**PROVIDED RECORDS:**

[Start of Attachment]

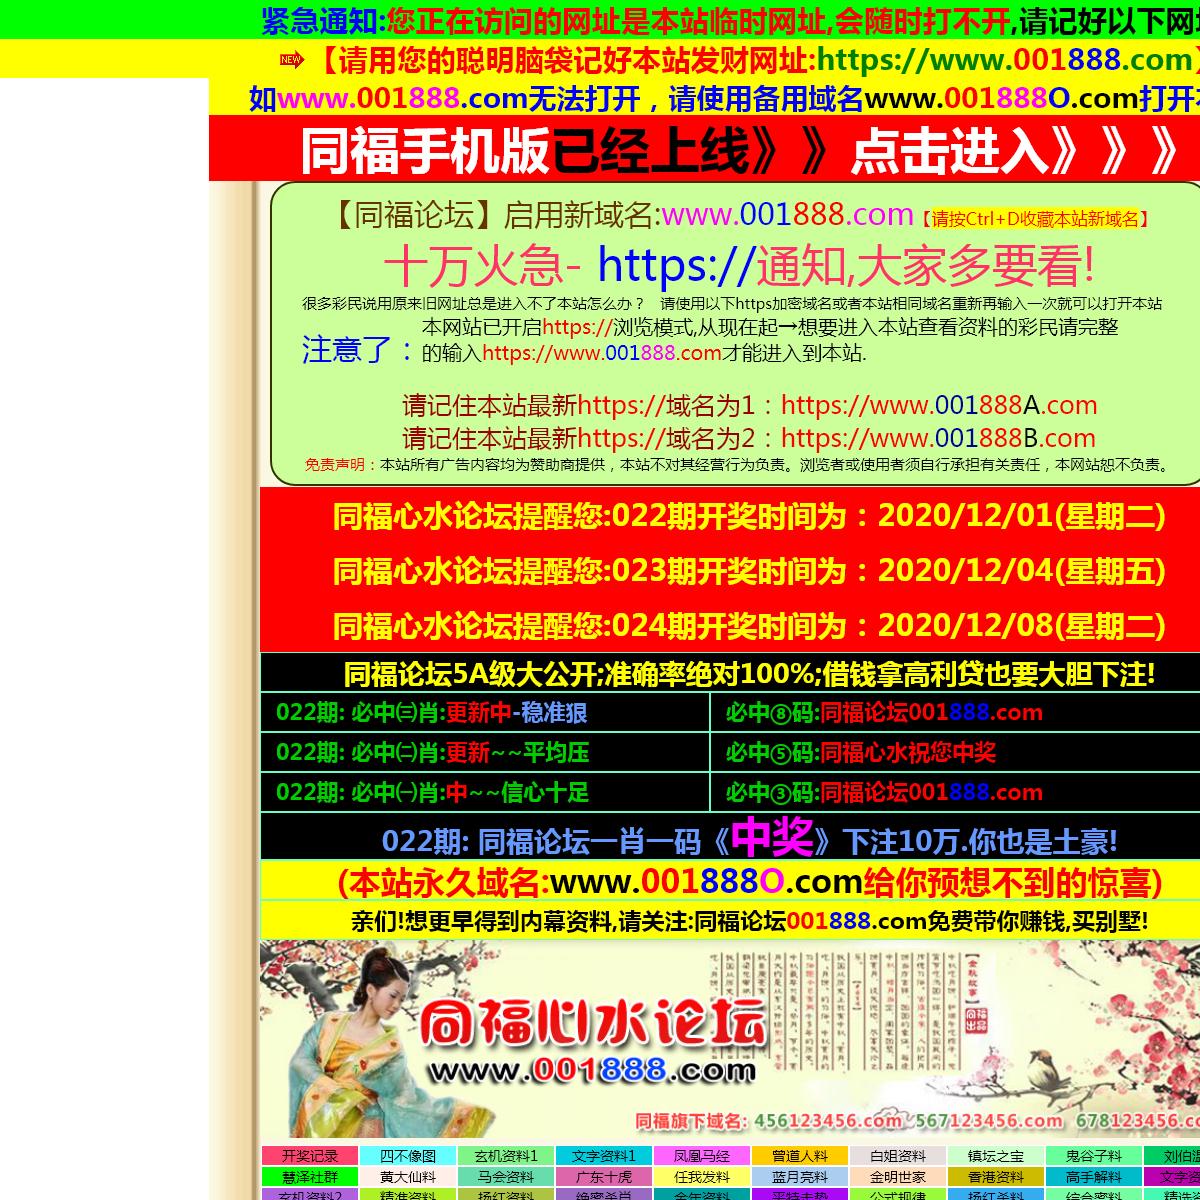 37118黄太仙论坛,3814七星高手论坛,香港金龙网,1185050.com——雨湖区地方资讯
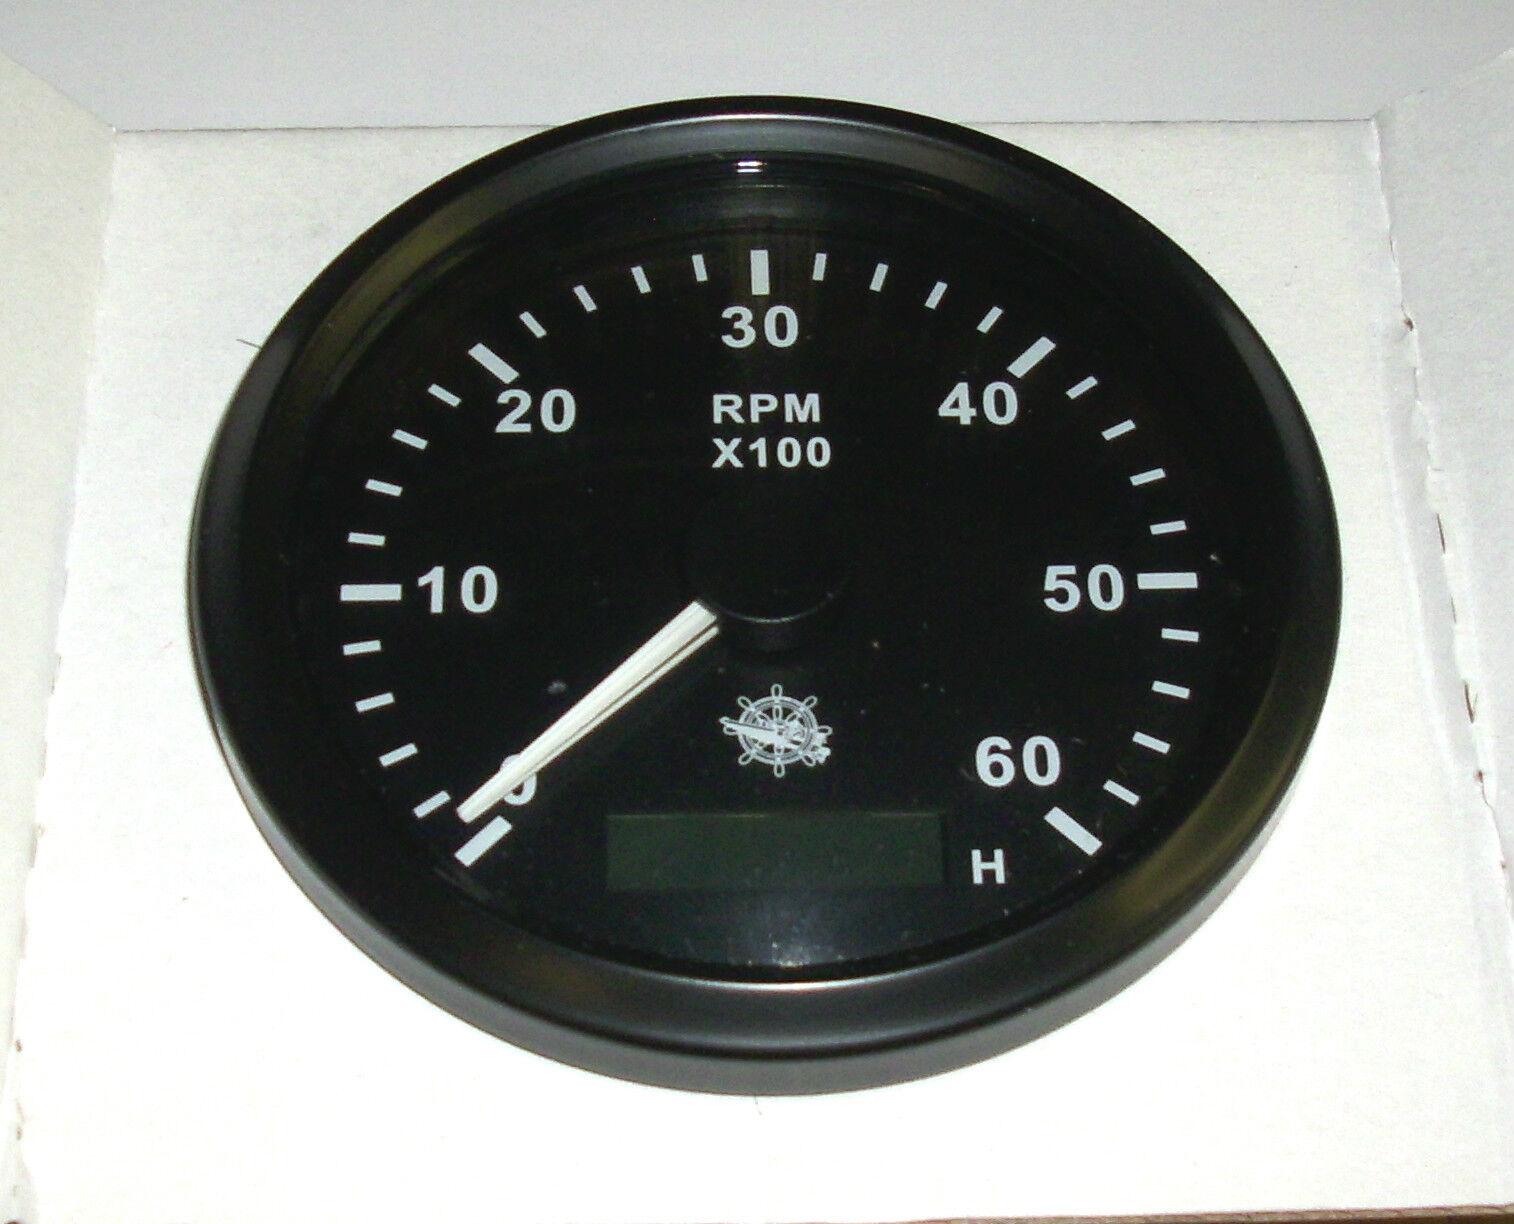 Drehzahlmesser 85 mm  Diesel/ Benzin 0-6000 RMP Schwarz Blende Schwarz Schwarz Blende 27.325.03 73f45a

[End of Attachment]
[Start of Attachment]

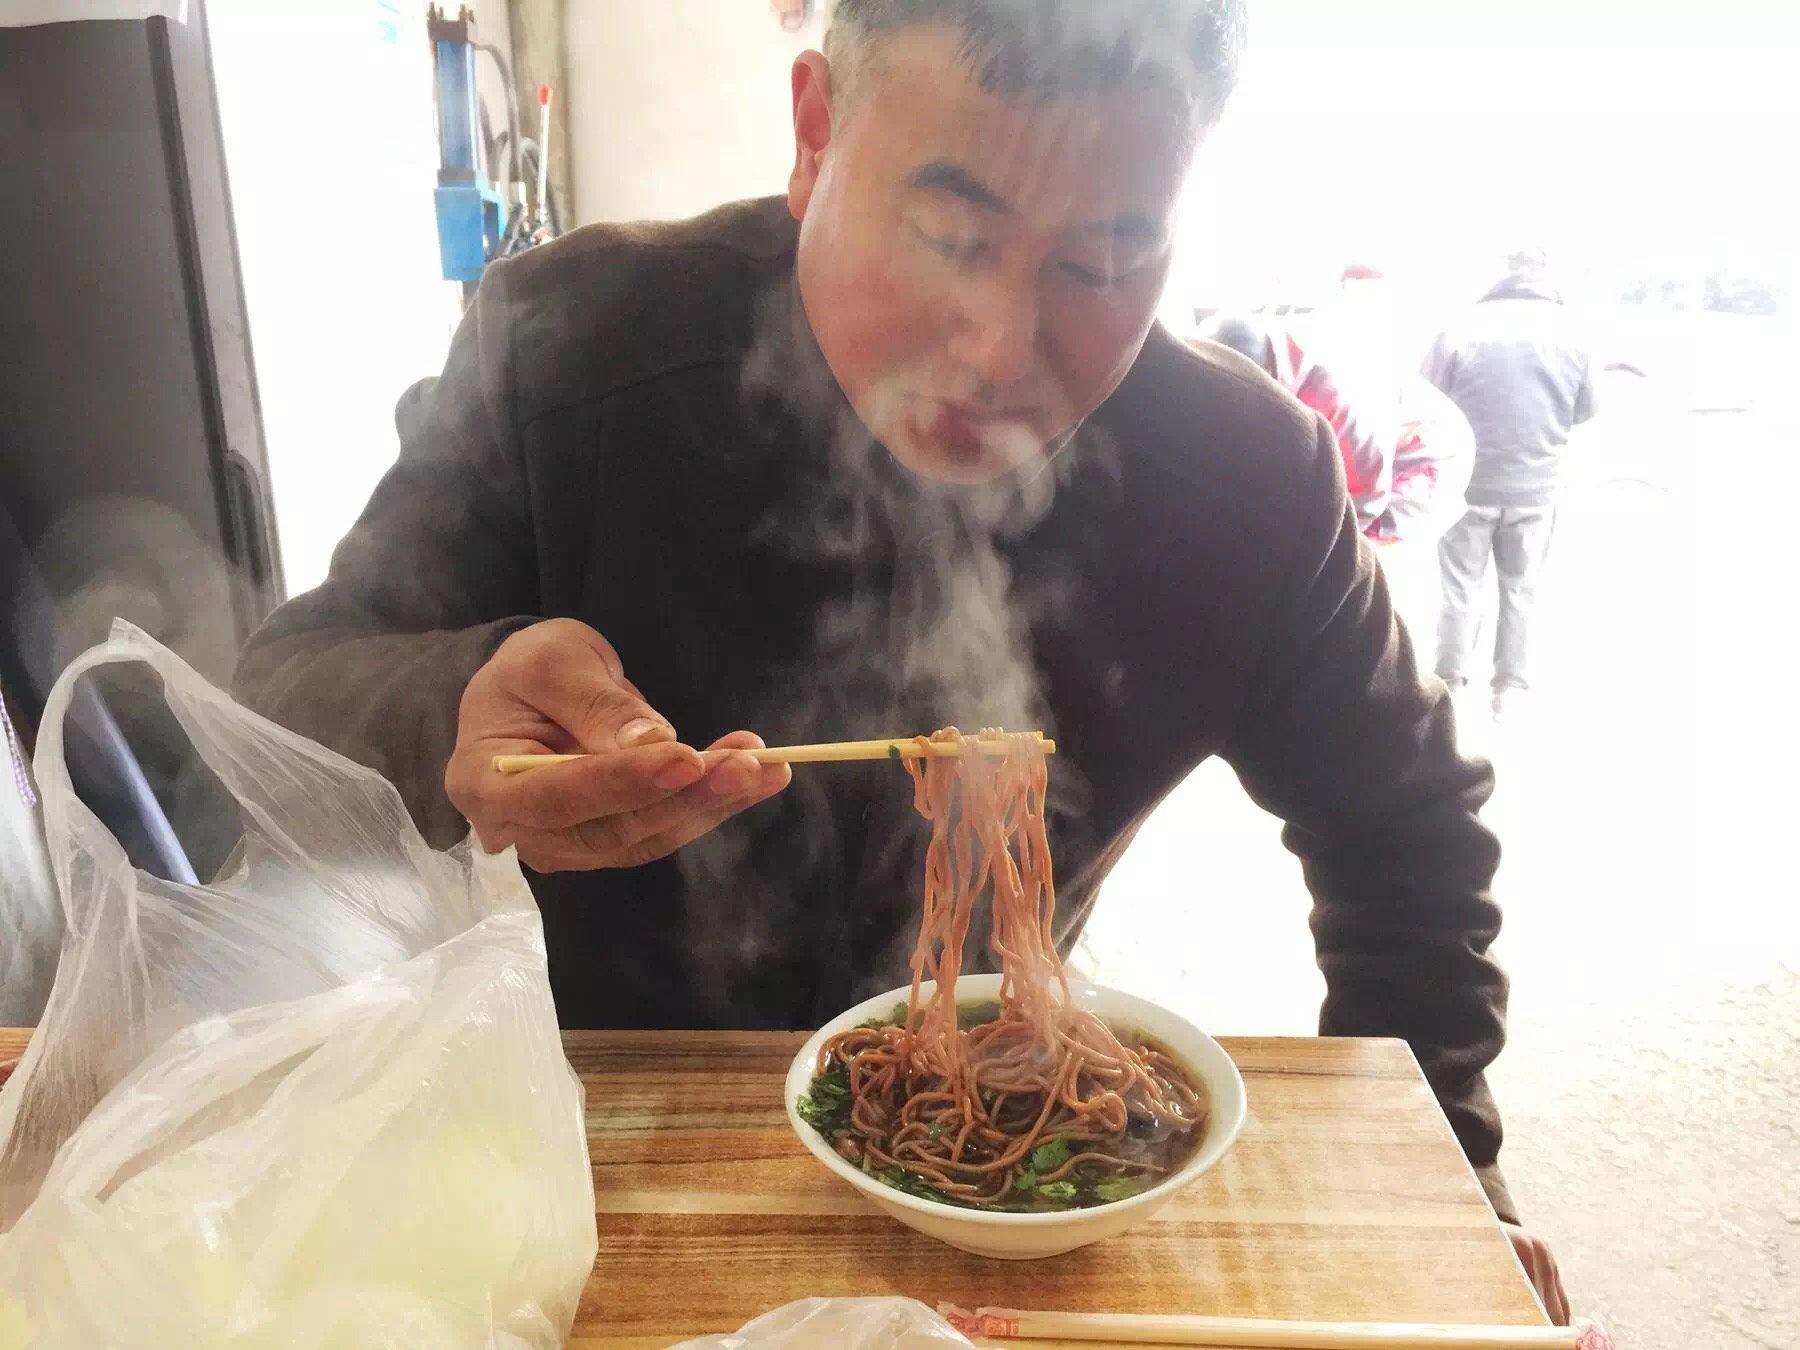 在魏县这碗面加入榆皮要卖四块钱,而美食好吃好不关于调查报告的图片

[End of Attachment]
[Start of Attachment]

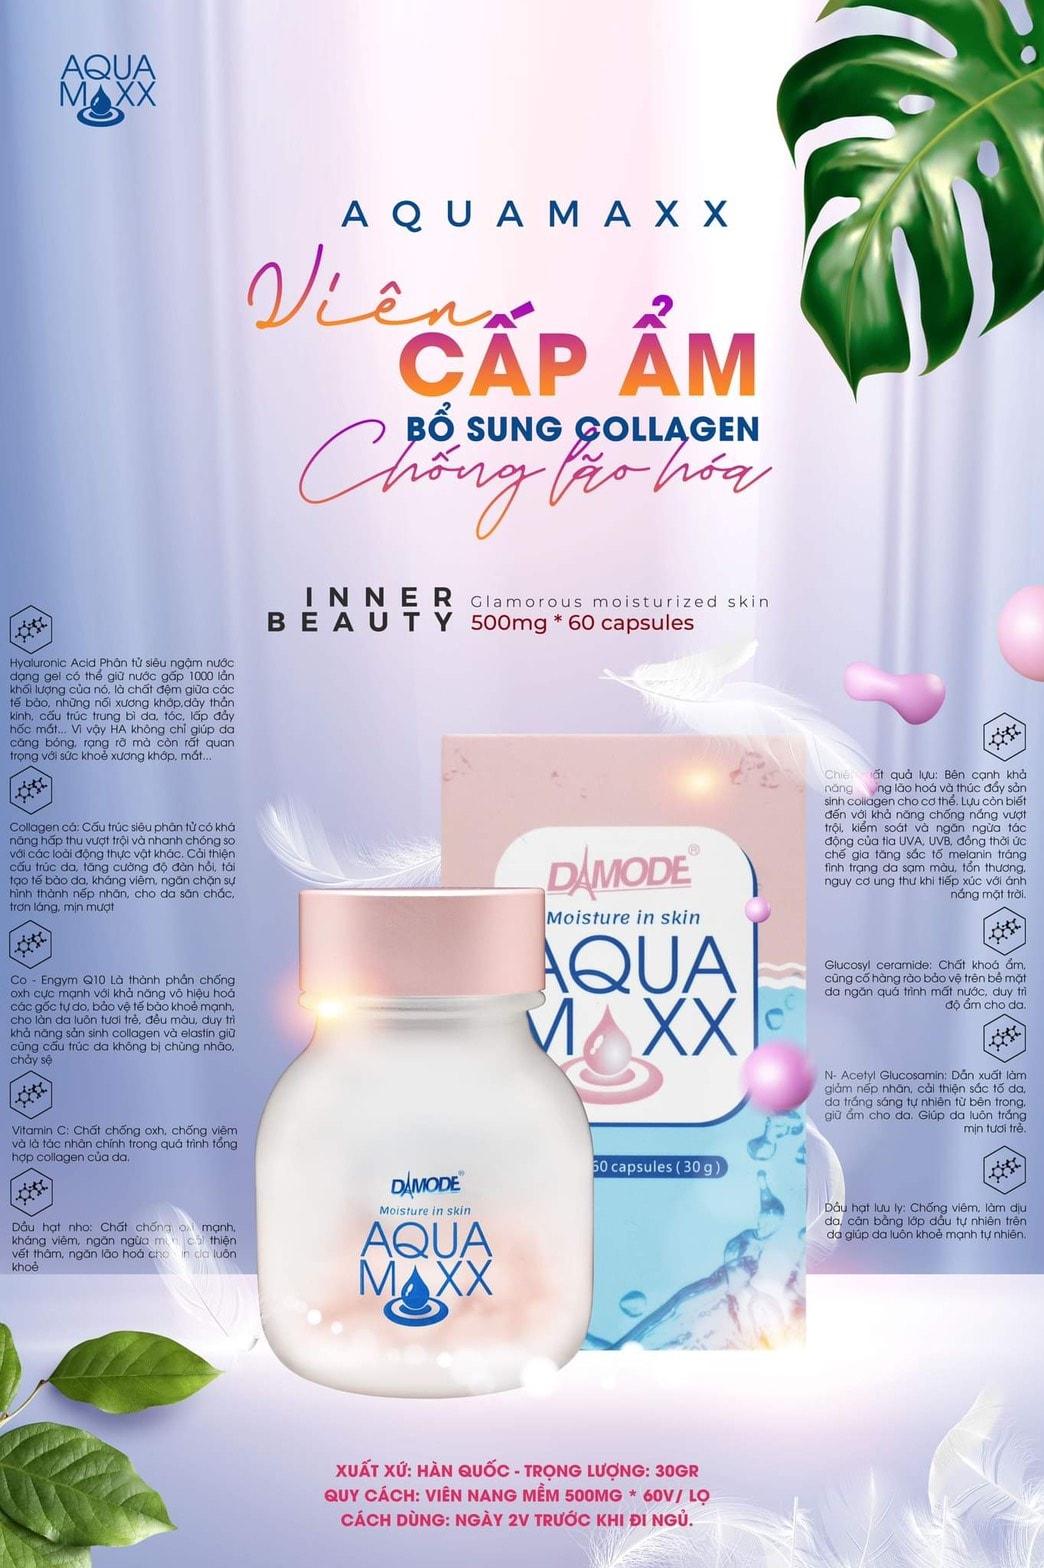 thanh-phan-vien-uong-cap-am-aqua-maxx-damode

[End of Attachment]

**PROBLEM:** Within the material above, find the part that opens with the line containing "37118黄太仙论坛,381" and closes with the line containing "Drehzahlmesser 85 mm", and reproduce it exactly without the pictures.

**EXERCISE RESULT:**
 37118黄太仙论坛,3814七星高手论坛,香港金龙网,1185050.com——雨湖区地方资讯
 Drehzahlmesser 85 mm  Diesel/ Benzin 0-6000 RMP Schwarz Blende Schwarz Schwarz Blende 27.325.03 73f45a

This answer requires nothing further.